Given data |
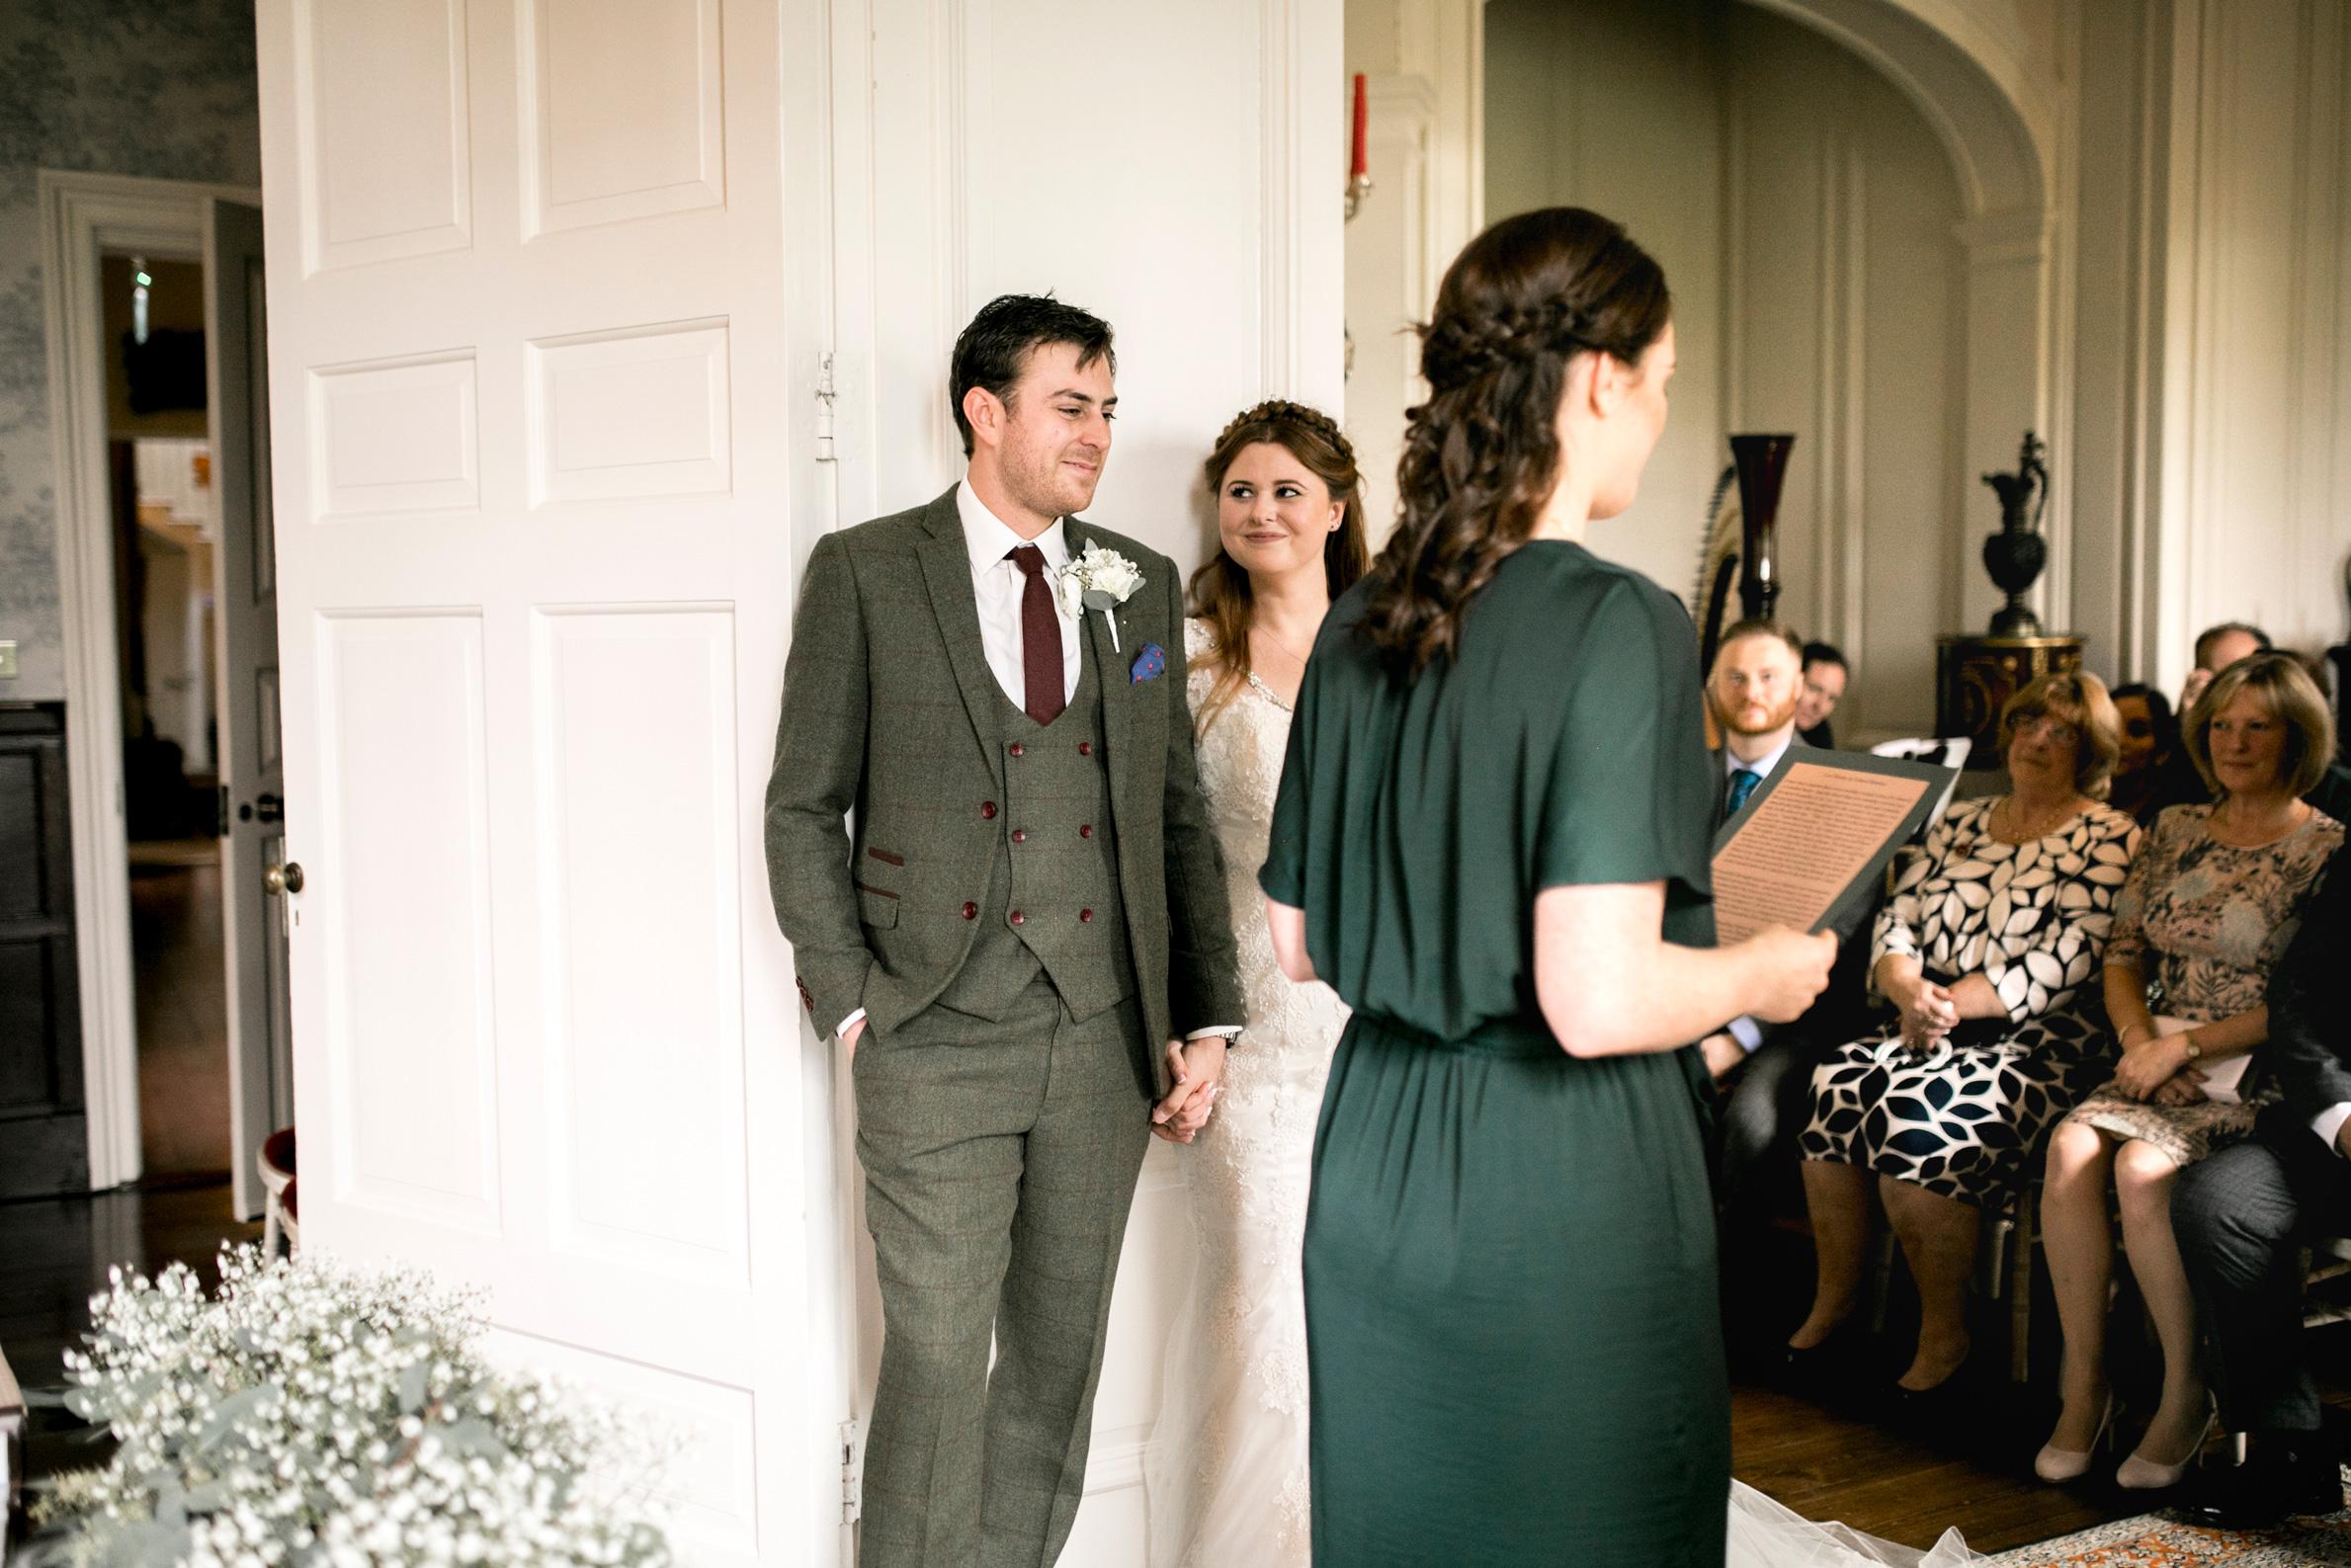 Wedding Ceremony, Ceremony Reading, Autumn Wedding, Tweed Suit,
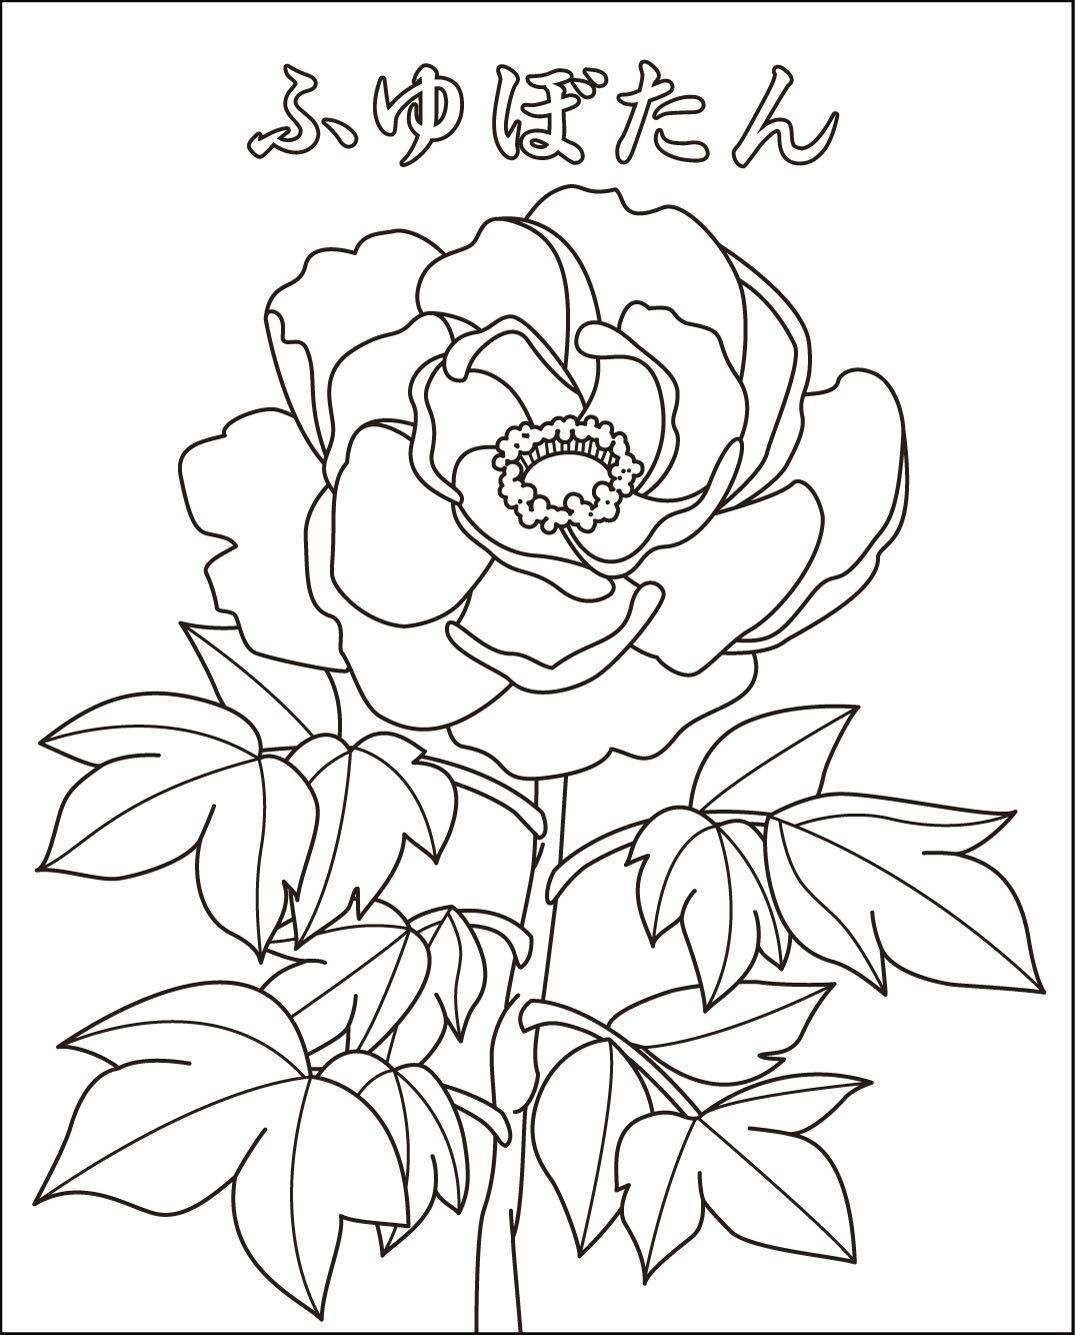 無料の印刷用ぬりえページ ベスト 塗り絵 無料 花 塗り絵 無料 塗り絵 無料 花 塗り絵
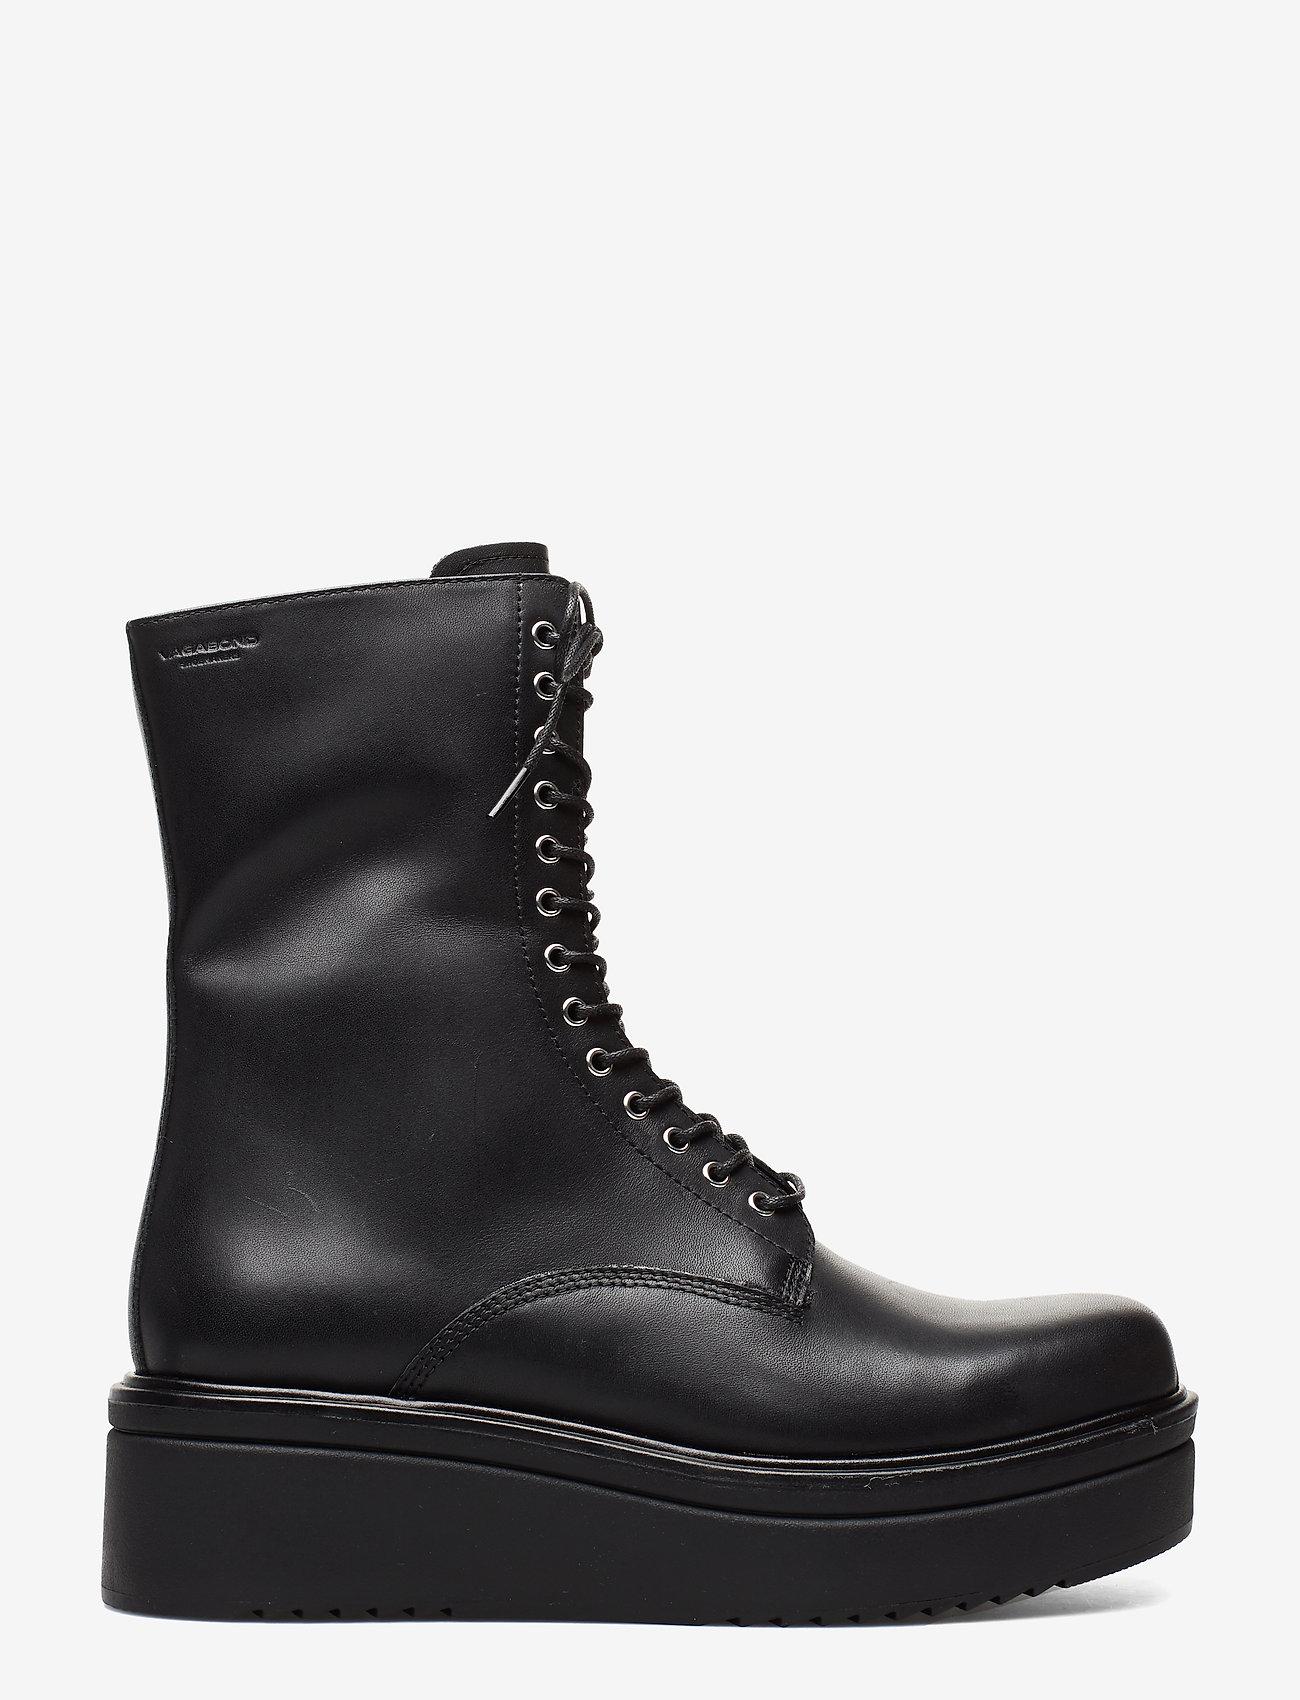 Tara (Black) (1399 kr) - VAGABOND
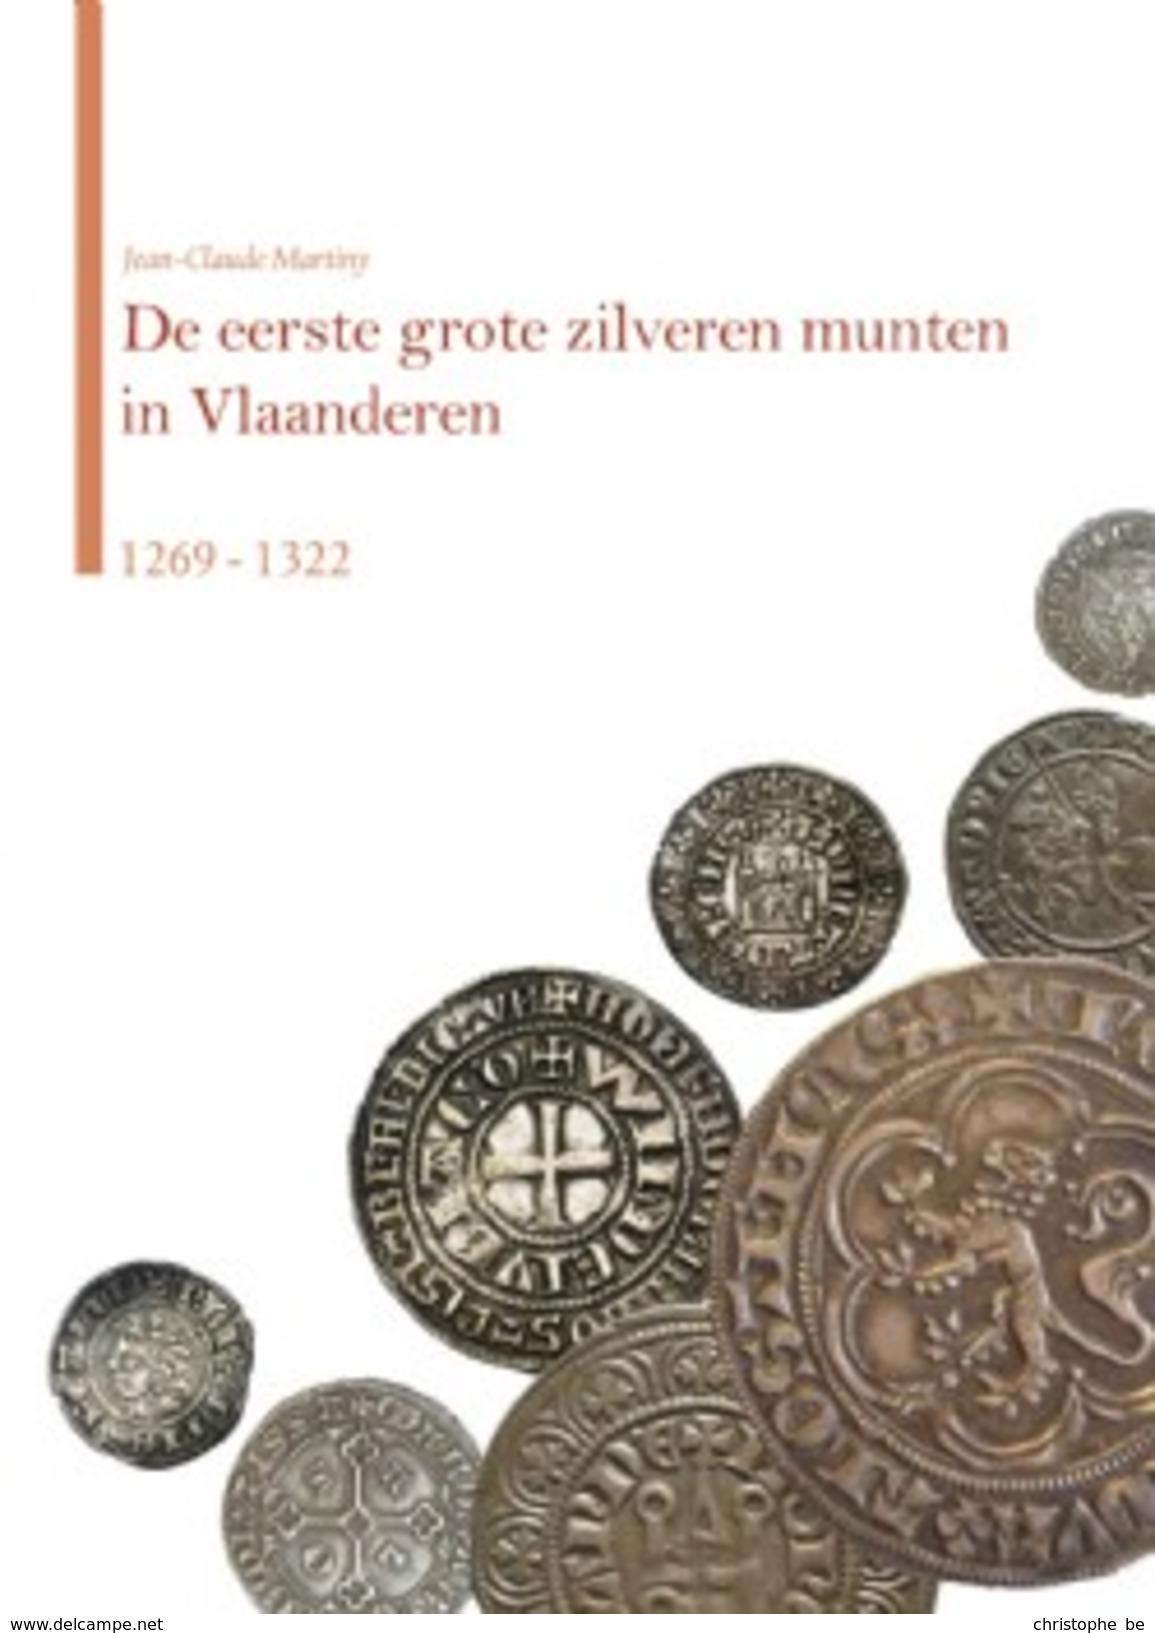 De Eerste Grote Zilveren Munten In Vlaanderen 1269-1322 - Praktisch

Task to complete | Output only the lines that run from the line containing "無料の印刷用ぬりえページ ベスト 塗り絵" to the last line of the data, exactly as they stand and without pictures.

Result |
 無料の印刷用ぬりえページ ベスト 塗り絵 無料 花 塗り絵 無料 塗り絵 無料 花 塗り絵
 Tara (Black) (1399 kr) - VAGABOND
 De Eerste Grote Zilveren Munten In Vlaanderen 1269-1322 - Praktisch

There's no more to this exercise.